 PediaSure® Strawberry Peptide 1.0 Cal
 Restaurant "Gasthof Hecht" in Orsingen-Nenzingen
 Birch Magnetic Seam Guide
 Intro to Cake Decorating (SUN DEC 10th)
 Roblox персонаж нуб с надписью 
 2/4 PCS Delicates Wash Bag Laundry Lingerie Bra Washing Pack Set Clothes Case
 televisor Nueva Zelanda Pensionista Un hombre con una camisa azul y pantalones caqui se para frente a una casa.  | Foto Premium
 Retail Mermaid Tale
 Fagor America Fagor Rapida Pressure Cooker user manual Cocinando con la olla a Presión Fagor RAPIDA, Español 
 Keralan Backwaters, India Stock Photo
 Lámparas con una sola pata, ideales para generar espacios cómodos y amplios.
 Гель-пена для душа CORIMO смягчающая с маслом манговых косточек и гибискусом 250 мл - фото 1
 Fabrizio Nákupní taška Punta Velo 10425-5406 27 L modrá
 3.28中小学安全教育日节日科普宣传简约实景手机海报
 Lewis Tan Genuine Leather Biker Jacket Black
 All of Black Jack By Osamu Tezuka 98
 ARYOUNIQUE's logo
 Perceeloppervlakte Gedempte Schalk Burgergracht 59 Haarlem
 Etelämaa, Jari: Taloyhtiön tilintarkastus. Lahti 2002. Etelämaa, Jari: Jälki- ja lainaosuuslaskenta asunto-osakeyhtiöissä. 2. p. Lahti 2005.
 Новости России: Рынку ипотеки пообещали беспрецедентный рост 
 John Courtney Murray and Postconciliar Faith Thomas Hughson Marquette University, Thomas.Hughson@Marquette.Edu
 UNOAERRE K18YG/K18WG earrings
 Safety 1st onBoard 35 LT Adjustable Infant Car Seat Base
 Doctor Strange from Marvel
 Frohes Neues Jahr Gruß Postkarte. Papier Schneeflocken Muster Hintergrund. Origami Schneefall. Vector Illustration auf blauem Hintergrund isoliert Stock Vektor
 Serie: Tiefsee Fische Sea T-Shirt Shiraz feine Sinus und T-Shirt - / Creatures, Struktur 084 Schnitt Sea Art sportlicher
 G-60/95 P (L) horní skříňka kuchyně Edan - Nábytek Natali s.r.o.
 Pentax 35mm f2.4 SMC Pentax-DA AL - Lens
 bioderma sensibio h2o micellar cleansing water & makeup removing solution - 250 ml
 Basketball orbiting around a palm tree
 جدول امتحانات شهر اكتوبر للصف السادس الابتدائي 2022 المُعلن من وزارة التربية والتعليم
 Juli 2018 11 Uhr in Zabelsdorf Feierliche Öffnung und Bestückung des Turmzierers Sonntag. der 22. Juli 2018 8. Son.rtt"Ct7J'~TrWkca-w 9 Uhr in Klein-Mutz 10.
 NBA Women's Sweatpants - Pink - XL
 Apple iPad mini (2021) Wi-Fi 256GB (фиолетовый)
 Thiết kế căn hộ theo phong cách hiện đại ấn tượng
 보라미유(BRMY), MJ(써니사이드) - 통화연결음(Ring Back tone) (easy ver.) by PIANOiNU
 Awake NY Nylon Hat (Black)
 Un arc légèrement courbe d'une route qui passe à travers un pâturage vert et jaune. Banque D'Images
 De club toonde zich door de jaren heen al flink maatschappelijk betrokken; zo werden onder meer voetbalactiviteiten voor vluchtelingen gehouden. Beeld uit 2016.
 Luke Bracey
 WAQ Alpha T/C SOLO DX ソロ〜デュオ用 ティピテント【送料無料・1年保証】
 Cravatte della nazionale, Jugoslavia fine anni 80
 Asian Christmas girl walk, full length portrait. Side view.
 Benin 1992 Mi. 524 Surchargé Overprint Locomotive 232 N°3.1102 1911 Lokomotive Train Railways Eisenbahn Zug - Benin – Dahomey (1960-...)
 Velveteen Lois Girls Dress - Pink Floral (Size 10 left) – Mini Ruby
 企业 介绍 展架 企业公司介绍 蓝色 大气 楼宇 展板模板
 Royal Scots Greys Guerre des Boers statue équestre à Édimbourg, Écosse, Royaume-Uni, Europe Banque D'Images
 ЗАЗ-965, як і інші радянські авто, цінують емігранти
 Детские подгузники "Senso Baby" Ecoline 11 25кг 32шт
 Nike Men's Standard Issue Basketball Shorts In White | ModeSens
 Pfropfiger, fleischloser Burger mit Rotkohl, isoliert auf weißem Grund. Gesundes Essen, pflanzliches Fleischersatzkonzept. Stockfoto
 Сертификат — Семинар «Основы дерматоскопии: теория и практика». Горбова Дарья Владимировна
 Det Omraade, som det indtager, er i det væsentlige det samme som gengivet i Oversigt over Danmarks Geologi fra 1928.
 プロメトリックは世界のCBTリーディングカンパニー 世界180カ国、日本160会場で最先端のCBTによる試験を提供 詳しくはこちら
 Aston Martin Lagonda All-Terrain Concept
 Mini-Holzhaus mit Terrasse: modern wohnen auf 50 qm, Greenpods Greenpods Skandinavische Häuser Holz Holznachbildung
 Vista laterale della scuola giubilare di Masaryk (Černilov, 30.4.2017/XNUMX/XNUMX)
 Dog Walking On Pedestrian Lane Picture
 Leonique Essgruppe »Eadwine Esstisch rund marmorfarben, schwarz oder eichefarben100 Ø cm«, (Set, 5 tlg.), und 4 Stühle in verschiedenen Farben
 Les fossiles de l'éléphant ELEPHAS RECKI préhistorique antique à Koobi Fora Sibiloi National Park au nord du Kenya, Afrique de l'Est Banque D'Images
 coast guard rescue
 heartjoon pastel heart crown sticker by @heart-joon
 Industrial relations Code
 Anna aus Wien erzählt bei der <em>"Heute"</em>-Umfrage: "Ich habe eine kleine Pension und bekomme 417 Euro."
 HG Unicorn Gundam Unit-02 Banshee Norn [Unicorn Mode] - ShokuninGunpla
----------
A word-for-word copy of the material above is required.

 PediaSure® Strawberry Peptide 1.0 Cal
 Restaurant "Gasthof Hecht" in Orsingen-Nenzingen
 Birch Magnetic Seam Guide
 Intro to Cake Decorating (SUN DEC 10th)
 Roblox персонаж нуб с надписью 
 2/4 PCS Delicates Wash Bag Laundry Lingerie Bra Washing Pack Set Clothes Case
 televisor Nueva Zelanda Pensionista Un hombre con una camisa azul y pantalones caqui se para frente a una casa.  | Foto Premium
 Retail Mermaid Tale
 Fagor America Fagor Rapida Pressure Cooker user manual Cocinando con la olla a Presión Fagor RAPIDA, Español 
 Keralan Backwaters, India Stock Photo
 Lámparas con una sola pata, ideales para generar espacios cómodos y amplios.
 Гель-пена для душа CORIMO смягчающая с маслом манговых косточек и гибискусом 250 мл - фото 1
 Fabrizio Nákupní taška Punta Velo 10425-5406 27 L modrá
 3.28中小学安全教育日节日科普宣传简约实景手机海报
 Lewis Tan Genuine Leather Biker Jacket Black
 All of Black Jack By Osamu Tezuka 98
 ARYOUNIQUE's logo
 Perceeloppervlakte Gedempte Schalk Burgergracht 59 Haarlem
 Etelämaa, Jari: Taloyhtiön tilintarkastus. Lahti 2002. Etelämaa, Jari: Jälki- ja lainaosuuslaskenta asunto-osakeyhtiöissä. 2. p. Lahti 2005.
 Новости России: Рынку ипотеки пообещали беспрецедентный рост 
 John Courtney Murray and Postconciliar Faith Thomas Hughson Marquette University, Thomas.Hughson@Marquette.Edu
 UNOAERRE K18YG/K18WG earrings
 Safety 1st onBoard 35 LT Adjustable Infant Car Seat Base
 Doctor Strange from Marvel
 Frohes Neues Jahr Gruß Postkarte. Papier Schneeflocken Muster Hintergrund. Origami Schneefall. Vector Illustration auf blauem Hintergrund isoliert Stock Vektor
 Serie: Tiefsee Fische Sea T-Shirt Shiraz feine Sinus und T-Shirt - / Creatures, Struktur 084 Schnitt Sea Art sportlicher
 G-60/95 P (L) horní skříňka kuchyně Edan - Nábytek Natali s.r.o.
 Pentax 35mm f2.4 SMC Pentax-DA AL - Lens
 bioderma sensibio h2o micellar cleansing water & makeup removing solution - 250 ml
 Basketball orbiting around a palm tree
 جدول امتحانات شهر اكتوبر للصف السادس الابتدائي 2022 المُعلن من وزارة التربية والتعليم
 Juli 2018 11 Uhr in Zabelsdorf Feierliche Öffnung und Bestückung des Turmzierers Sonntag. der 22. Juli 2018 8. Son.rtt"Ct7J'~TrWkca-w 9 Uhr in Klein-Mutz 10.
 NBA Women's Sweatpants - Pink - XL
 Apple iPad mini (2021) Wi-Fi 256GB (фиолетовый)
 Thiết kế căn hộ theo phong cách hiện đại ấn tượng
 보라미유(BRMY), MJ(써니사이드) - 통화연결음(Ring Back tone) (easy ver.) by PIANOiNU
 Awake NY Nylon Hat (Black)
 Un arc légèrement courbe d'une route qui passe à travers un pâturage vert et jaune. Banque D'Images
 De club toonde zich door de jaren heen al flink maatschappelijk betrokken; zo werden onder meer voetbalactiviteiten voor vluchtelingen gehouden. Beeld uit 2016.
 Luke Bracey
 WAQ Alpha T/C SOLO DX ソロ〜デュオ用 ティピテント【送料無料・1年保証】
 Cravatte della nazionale, Jugoslavia fine anni 80
 Asian Christmas girl walk, full length portrait. Side view.
 Benin 1992 Mi. 524 Surchargé Overprint Locomotive 232 N°3.1102 1911 Lokomotive Train Railways Eisenbahn Zug - Benin – Dahomey (1960-...)
 Velveteen Lois Girls Dress - Pink Floral (Size 10 left) – Mini Ruby
 企业 介绍 展架 企业公司介绍 蓝色 大气 楼宇 展板模板
 Royal Scots Greys Guerre des Boers statue équestre à Édimbourg, Écosse, Royaume-Uni, Europe Banque D'Images
 ЗАЗ-965, як і інші радянські авто, цінують емігранти
 Детские подгузники "Senso Baby" Ecoline 11 25кг 32шт
 Nike Men's Standard Issue Basketball Shorts In White | ModeSens
 Pfropfiger, fleischloser Burger mit Rotkohl, isoliert auf weißem Grund. Gesundes Essen, pflanzliches Fleischersatzkonzept. Stockfoto
 Сертификат — Семинар «Основы дерматоскопии: теория и практика». Горбова Дарья Владимировна
 Det Omraade, som det indtager, er i det væsentlige det samme som gengivet i Oversigt over Danmarks Geologi fra 1928.
 プロメトリックは世界のCBTリーディングカンパニー 世界180カ国、日本160会場で最先端のCBTによる試験を提供 詳しくはこちら
 Aston Martin Lagonda All-Terrain Concept
 Mini-Holzhaus mit Terrasse: modern wohnen auf 50 qm, Greenpods Greenpods Skandinavische Häuser Holz Holznachbildung
 Vista laterale della scuola giubilare di Masaryk (Černilov, 30.4.2017/XNUMX/XNUMX)
 Dog Walking On Pedestrian Lane Picture
 Leonique Essgruppe »Eadwine Esstisch rund marmorfarben, schwarz oder eichefarben100 Ø cm«, (Set, 5 tlg.), und 4 Stühle in verschiedenen Farben
 Les fossiles de l'éléphant ELEPHAS RECKI préhistorique antique à Koobi Fora Sibiloi National Park au nord du Kenya, Afrique de l'Est Banque D'Images
 coast guard rescue
 heartjoon pastel heart crown sticker by @heart-joon
 Industrial relations Code
 Anna aus Wien erzählt bei der <em>"Heute"</em>-Umfrage: "Ich habe eine kleine Pension und bekomme 417 Euro."
 HG Unicorn Gundam Unit-02 Banshee Norn [Unicorn Mode] - ShokuninGunpla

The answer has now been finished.